Il tema della settima edizione si chiede se lo sia È davvero possibile raccontare la storia delle migrazioni, restituendo i tempi degli addio, dei viaggi, degli arrivi, dei luoghi di passaggio. Tra i bambini di questo immenso continente Maurizio Pefura nato a Parigi nel 1967 da genitori camerunesi, vive e lavora tra Milano e Parigi, mentre Zakaria Mohamed Alì Direttore somalo, rifugiato in Italia dal 2008.

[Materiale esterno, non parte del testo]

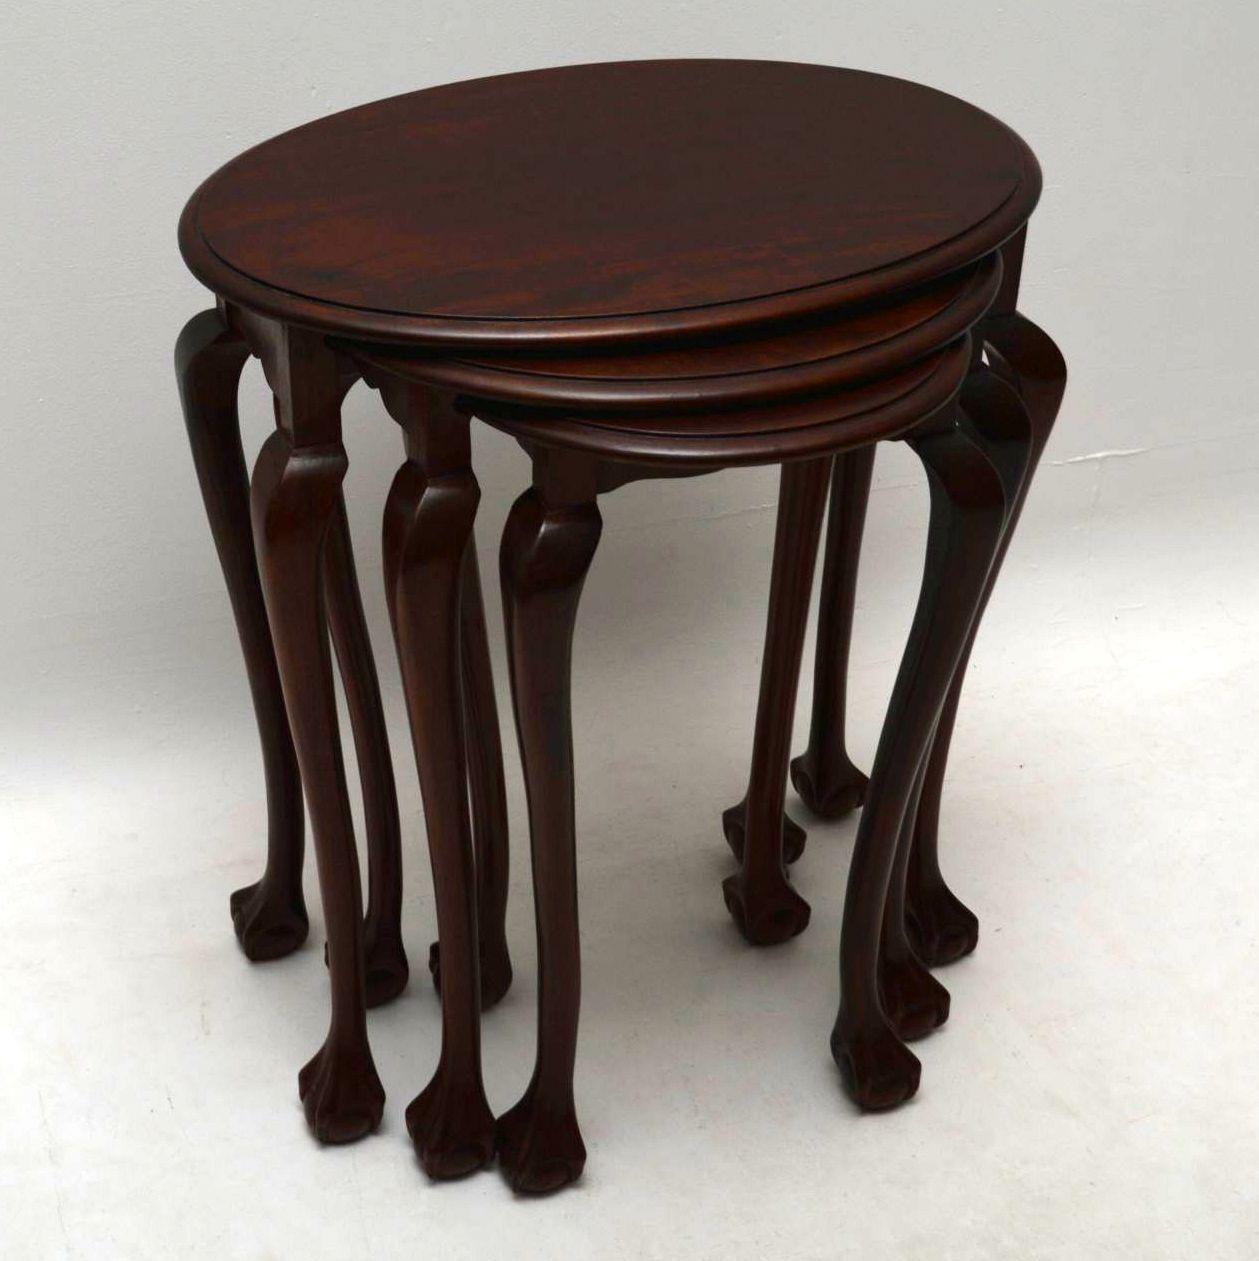 Antique Mahogany Nest of Tables

Il primo, Pefura, architetto, pittore e artista poliedrico, noto per le sue installazioni. La sua ricerca sul rapporto tra il corpo e lo spazio fisico interiore ed esteriore che siamo chiamati a condividere si concentra sulle periferie delle metropoli, e segue il percorso dell’appartenenza perduta, e della nuova identità che si costruisce tra generazioni miste . e confini geografici (non ideologici) sempre più superati. Per Difendi Africaa creerà un’opera inedita espressamente concepita per lo spazio di HYmmo Artwork Lab, incentrato su tema dell’abitare, la sua flessibilità e la sua permanenza. Pefura condurrà anche un workshop di una settimana rivolto a quattro artisti emergenti: Giovanni Bonechi, Gianluca Braccini, Gianluca Tramonti, Apo Yaghmourian. I risultati del workshop saranno presentati al pubblico il 24 settembre presso HYmmo Artwork Lab, Pratovecchio. La mostra sarà visibile fino al 30 ottobre.

Alì invece ha lavorato come libero professionista in Somalia durante la guerra civile. Ha rischiato più volte la vita per il suo lavoro e nel 2007 ha lasciato il suo Paese, approdando in Italia, attraverso il Mediterraneo, nel 2008. Zakaria sarà ospite a Arise for Africa per la conclusione della mostra, il 30 ottobre, a incontrare il pubblico e presentare alcuni dei suoi movie. L’incontro, organizzato in collaborazione con ADMSarà introdotto e mediato da Archivio delle memorie migranti, Roma Federico Triulzi.

Quindi in questo inizio autunno difficile e preoccupante per tutti me lo chiedo Paolo Fabiani se ci sono modi diversi per parlare di immigrazione, identità e appartenenza e quali novità apprendi nella contaminazione con questi artisti? «Quello che impariamo nella convivenza degli individui», mi cube, «sono esperienze dirette, raccontate attraverso la vita. Forse più che “novità” il recupero di quei valori umani che sono nel dialogo, nel racconto, nell’empatia comune che si scambia quando le vite umane si incrociano. La migrazione è, fin dall’inizio del mondo, una condizione fondamentale dell’essere umano che ha viaggiato fin dall’inizio, di oceano in oceano; si pensi alle grandi opere scultoree di Rapa Nui, sull’Isola di Pasqua, che si trova advert ovest del Sud America, sicuramente realizzate, non sappiamo ancora con quale tecnica, dalle popolazioni to migrate dalla Polinesia. Dunque l’arte è il fulcro per la riscoperta di ciò che l’uomo forse ha dimenticato». L’attesa dalla nuova edizione e dalle giornate di workshop, spiega Rossi, “Il desiderio che cerchiamo di condividere con chi visita la mostra della restituzione della bottega di Maurice Pefura, è provare a fare un salto nella realtà vissuta da chi vive oggi il viaggio della migrazione”.